Copy out exactly the lines spanning the line with "充血監督の深夜の運動会Vol.139 OL女体 覗きおまんこ画像 87連発 67" to the line with "Хентай демоны и ангелы 15 фотография", inclusive, from the data underneath, with no pictures.
(Listed records begins)
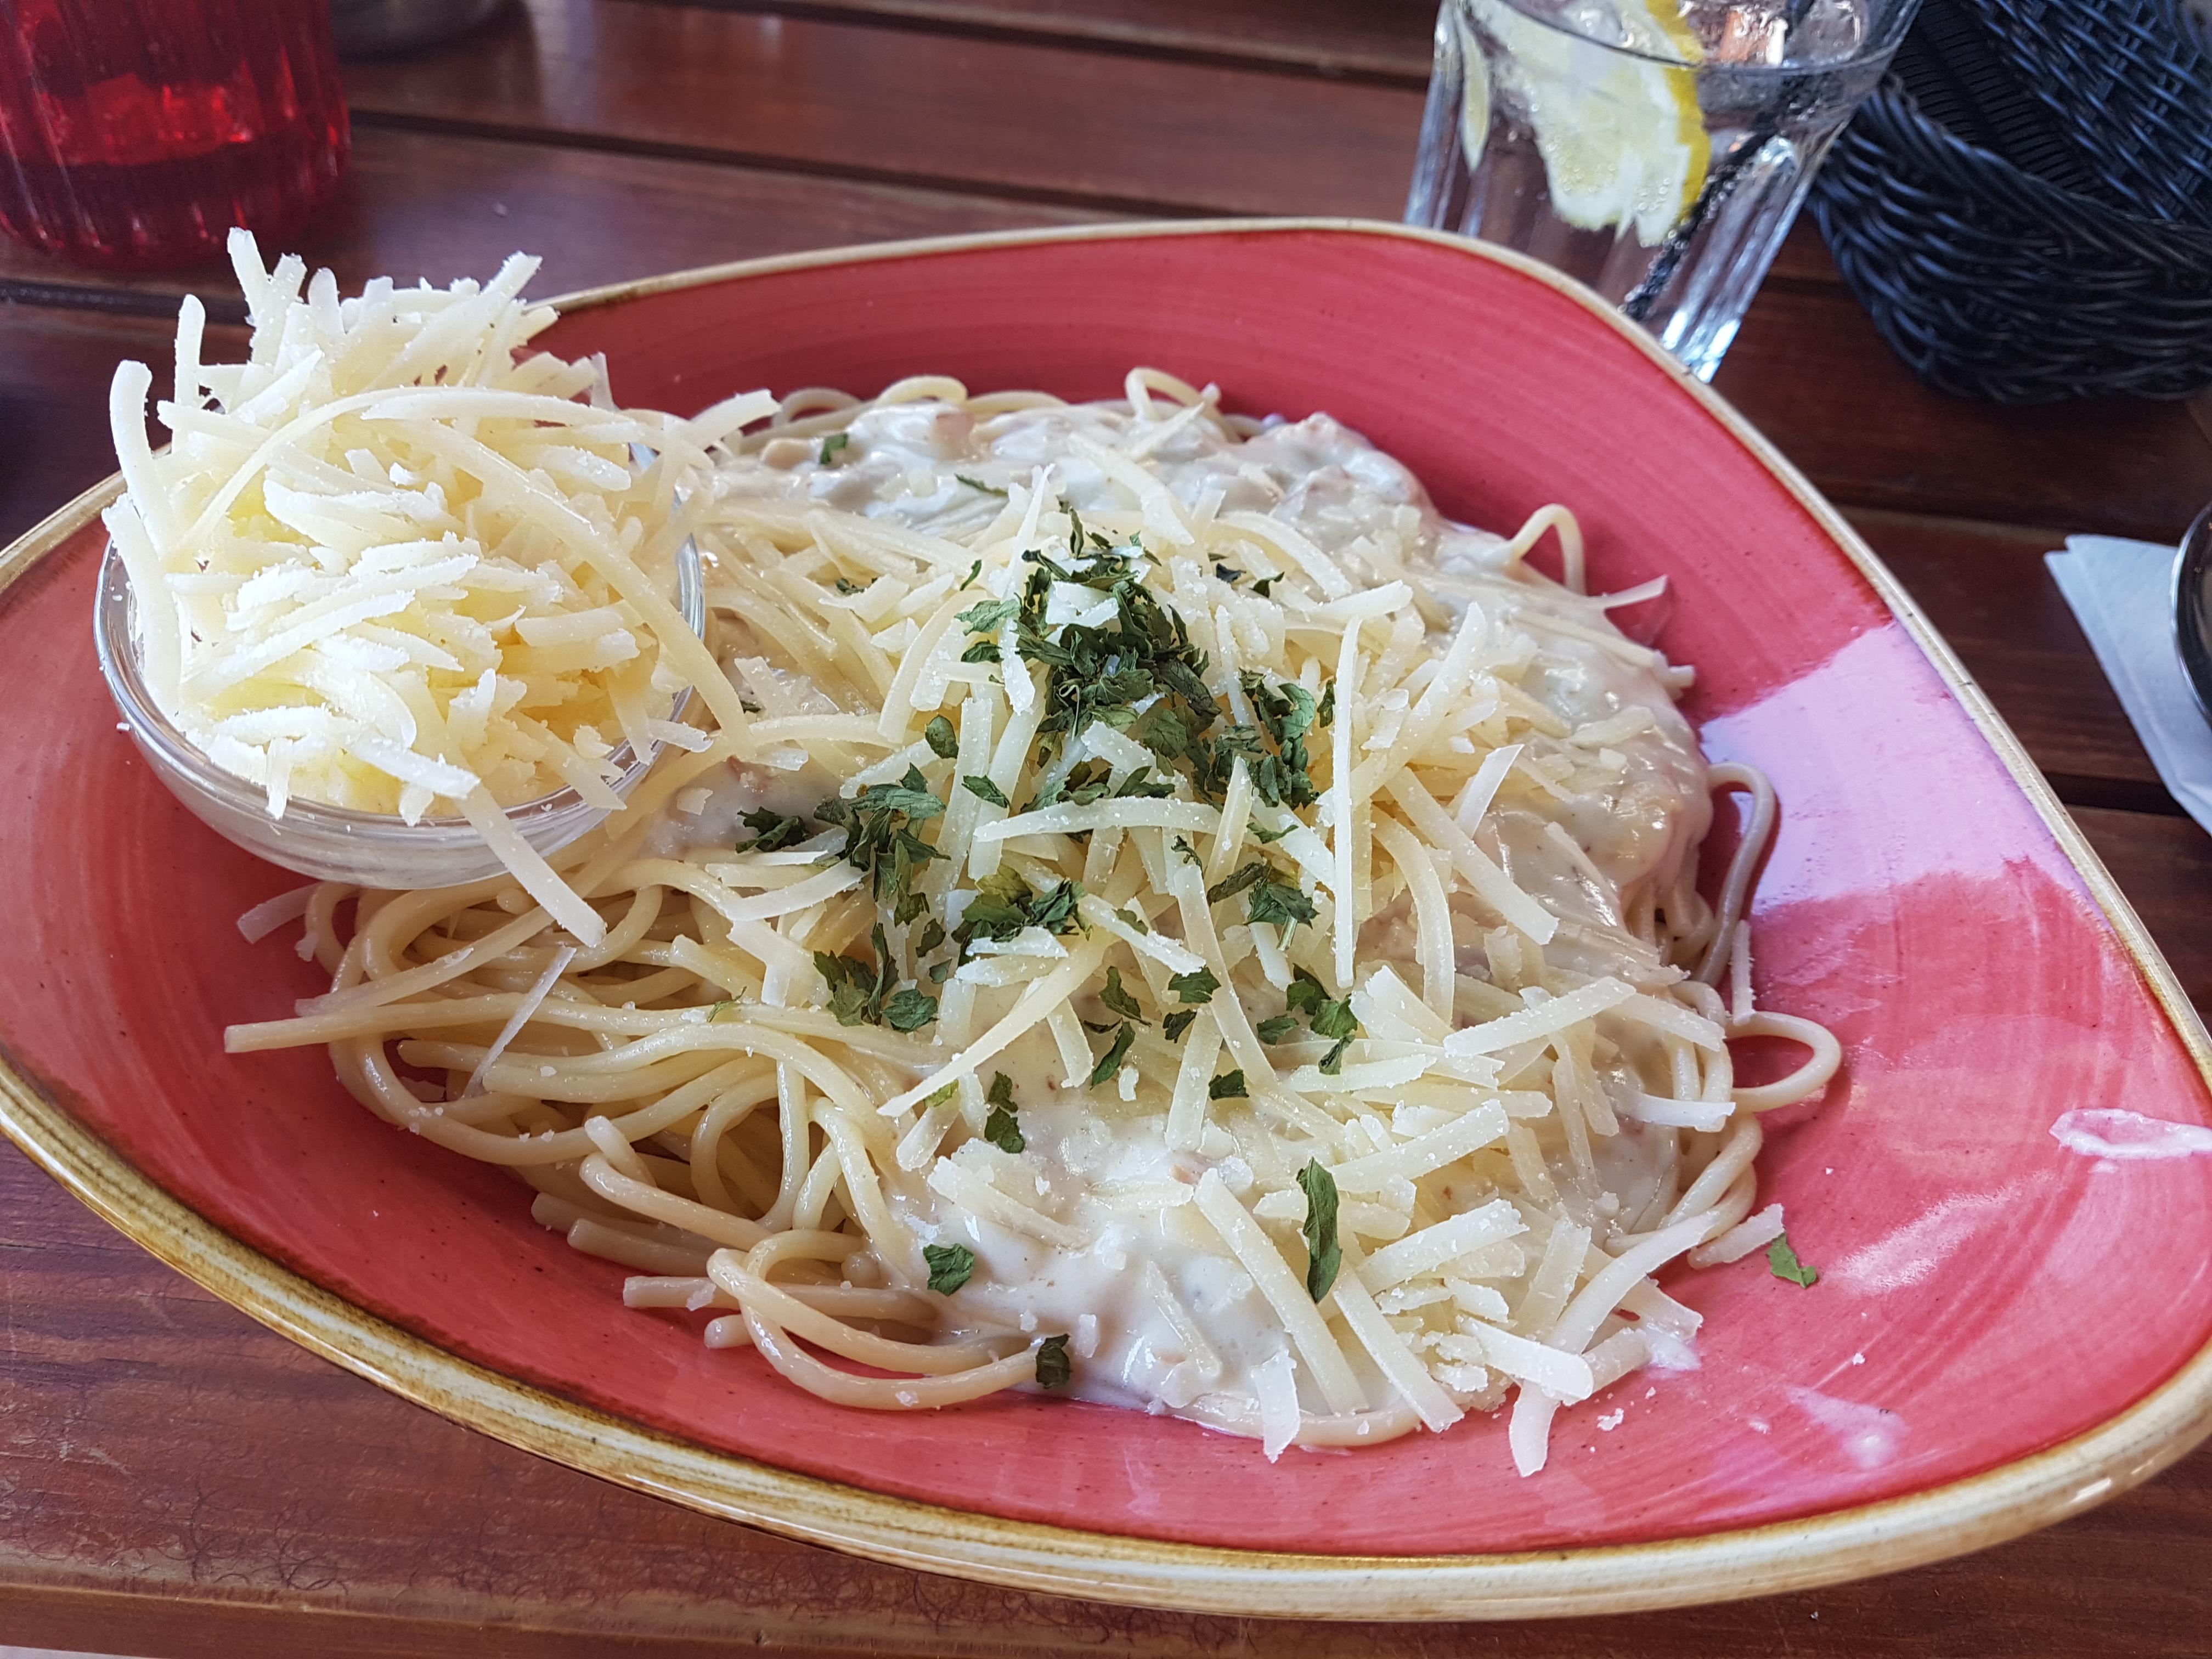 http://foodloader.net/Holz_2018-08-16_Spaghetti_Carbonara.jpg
(Listed records ends)
(Listed records begins)
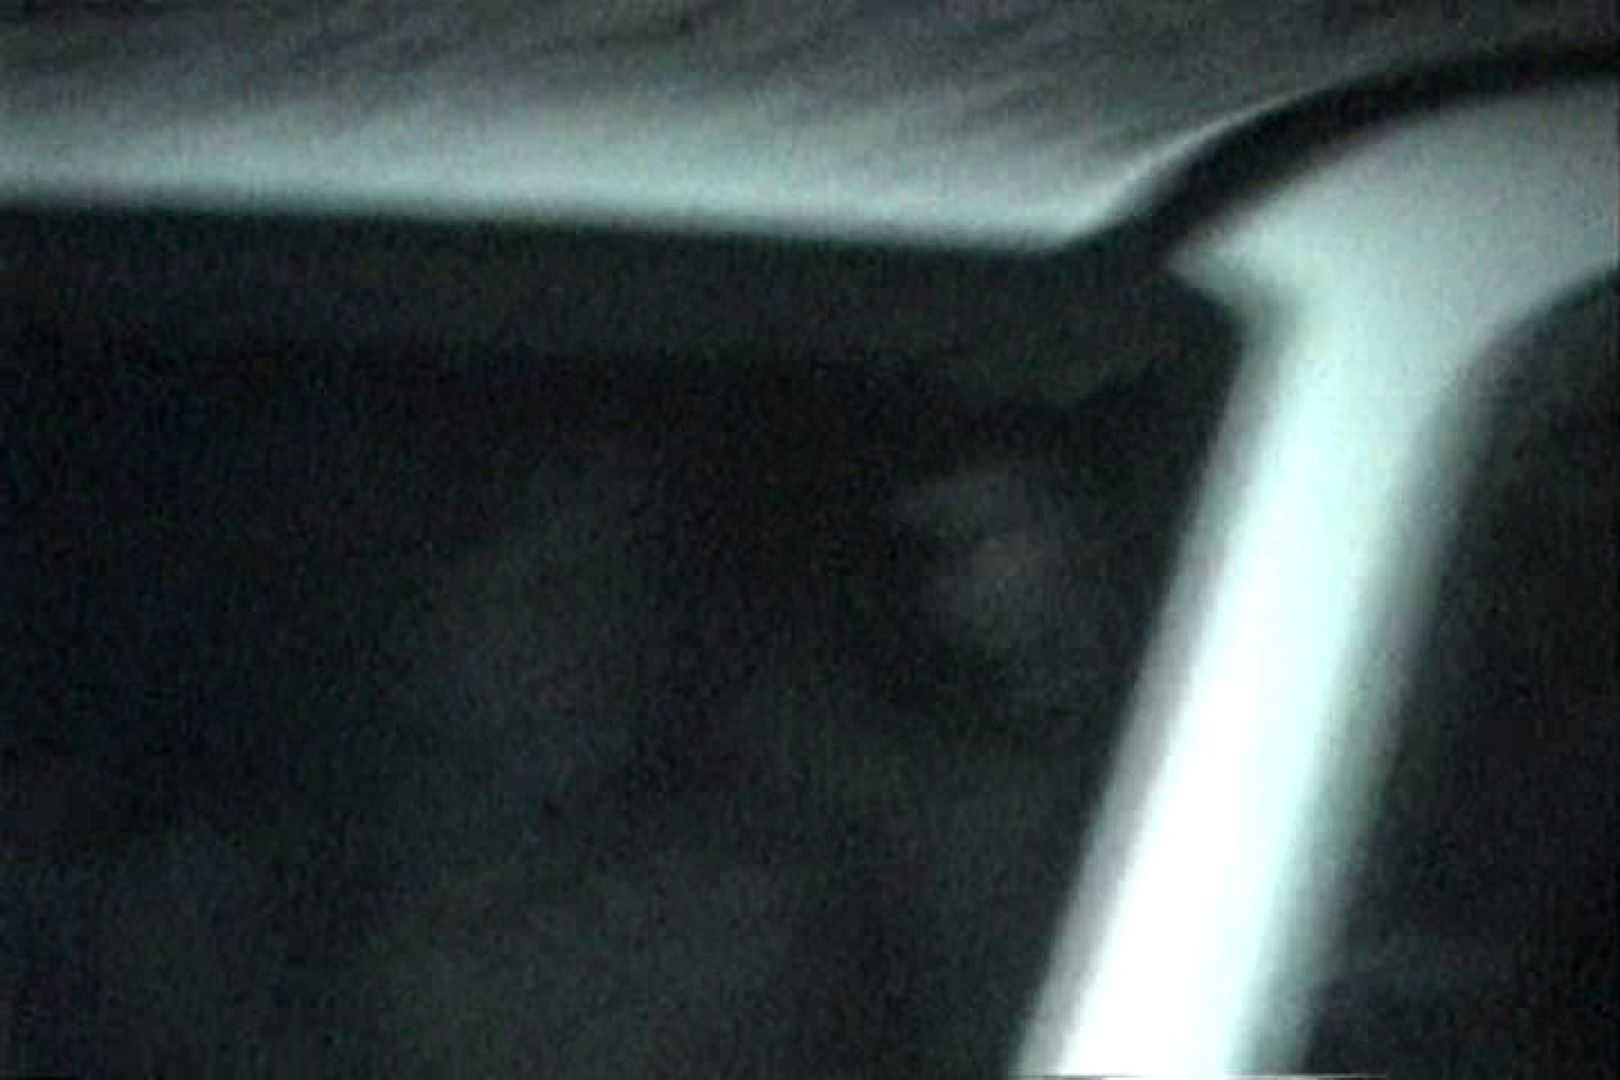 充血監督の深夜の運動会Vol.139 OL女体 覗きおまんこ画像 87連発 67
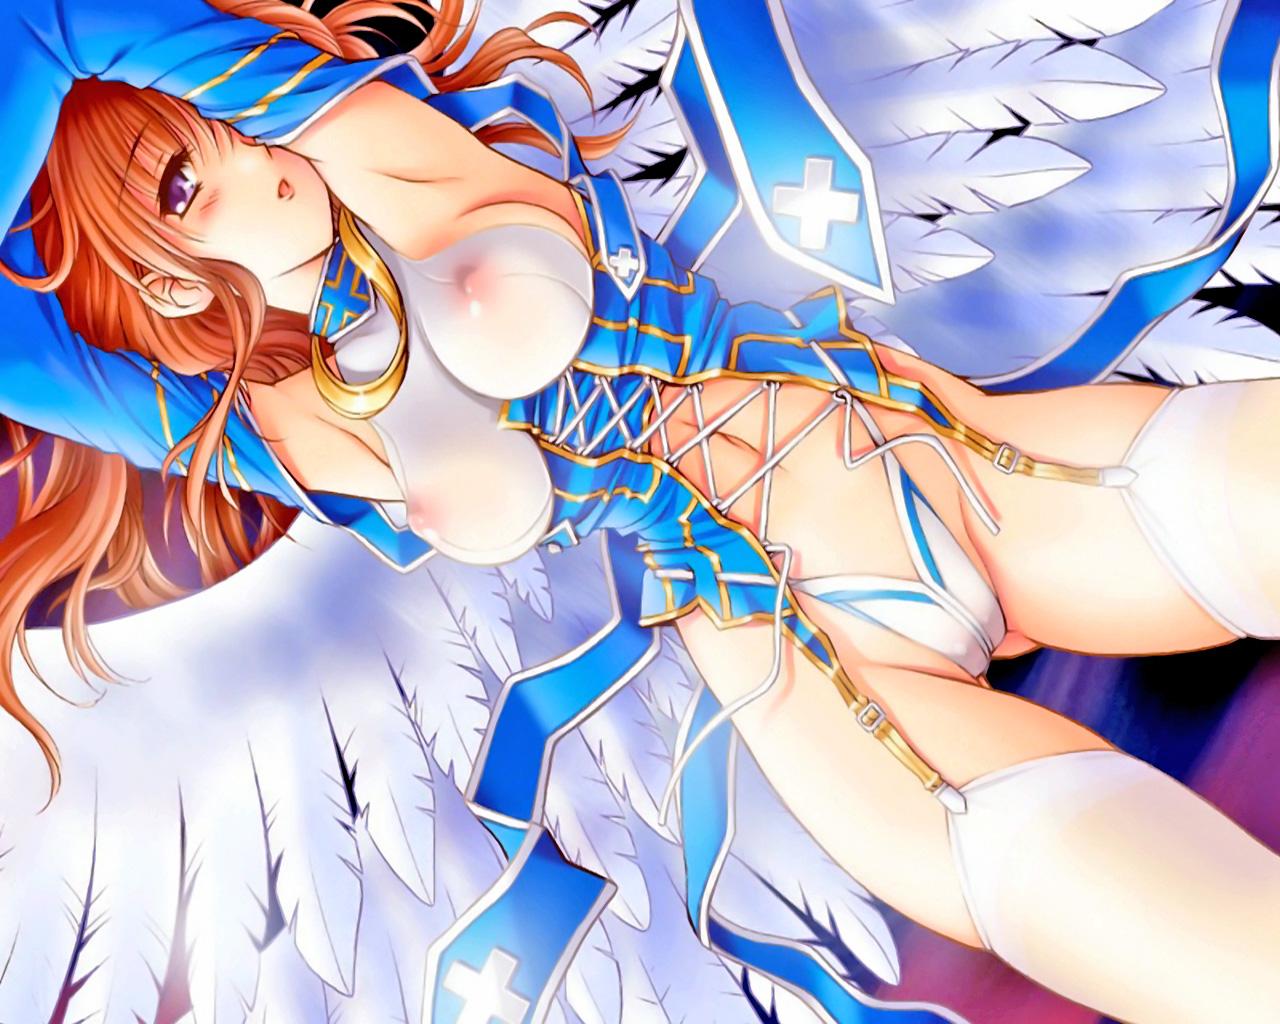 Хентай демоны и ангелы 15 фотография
(Listed records ends)
■ Result for this exercise:
 充血監督の深夜の運動会Vol.139 OL女体 覗きおまんこ画像 87連発 67
 Хентай демоны и ангелы 15 фотография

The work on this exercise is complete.